--- EXERCISE INPUT ---
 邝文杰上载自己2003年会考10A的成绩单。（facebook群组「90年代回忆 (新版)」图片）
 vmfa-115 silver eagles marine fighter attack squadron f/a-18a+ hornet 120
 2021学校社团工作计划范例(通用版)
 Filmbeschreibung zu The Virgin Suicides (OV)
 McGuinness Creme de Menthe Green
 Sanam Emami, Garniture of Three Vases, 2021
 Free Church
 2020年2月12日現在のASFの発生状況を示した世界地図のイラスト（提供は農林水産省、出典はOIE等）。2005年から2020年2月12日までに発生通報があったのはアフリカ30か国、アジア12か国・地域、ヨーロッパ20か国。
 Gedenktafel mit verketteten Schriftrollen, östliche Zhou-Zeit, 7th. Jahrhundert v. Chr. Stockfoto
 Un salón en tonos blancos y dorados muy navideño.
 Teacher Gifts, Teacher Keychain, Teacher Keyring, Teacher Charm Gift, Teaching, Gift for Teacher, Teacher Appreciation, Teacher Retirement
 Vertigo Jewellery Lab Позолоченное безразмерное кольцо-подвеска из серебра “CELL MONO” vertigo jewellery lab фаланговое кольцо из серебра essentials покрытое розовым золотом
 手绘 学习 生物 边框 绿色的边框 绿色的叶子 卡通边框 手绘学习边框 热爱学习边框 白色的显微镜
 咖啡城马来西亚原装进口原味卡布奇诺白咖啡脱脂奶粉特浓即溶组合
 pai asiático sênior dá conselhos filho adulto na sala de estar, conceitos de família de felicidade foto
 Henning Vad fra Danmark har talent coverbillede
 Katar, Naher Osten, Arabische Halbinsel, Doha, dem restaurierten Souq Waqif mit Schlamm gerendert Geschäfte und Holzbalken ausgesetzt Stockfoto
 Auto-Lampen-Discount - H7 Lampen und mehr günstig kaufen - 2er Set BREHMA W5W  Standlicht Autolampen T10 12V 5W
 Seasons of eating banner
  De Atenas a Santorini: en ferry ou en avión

--- EXERCISE ---
Give again, word for word, the records from their first line to the one with "2020年2月12日現在のA", and leave out all else.

--- RESULT OF THIS TASK ---
 邝文杰上载自己2003年会考10A的成绩单。（facebook群组「90年代回忆 (新版)」图片）
 vmfa-115 silver eagles marine fighter attack squadron f/a-18a+ hornet 120
 2021学校社团工作计划范例(通用版)
 Filmbeschreibung zu The Virgin Suicides (OV)
 McGuinness Creme de Menthe Green
 Sanam Emami, Garniture of Three Vases, 2021
 Free Church
 2020年2月12日現在のASFの発生状況を示した世界地図のイラスト（提供は農林水産省、出典はOIE等）。2005年から2020年2月12日までに発生通報があったのはアフリカ30か国、アジア12か国・地域、ヨーロッパ20か国。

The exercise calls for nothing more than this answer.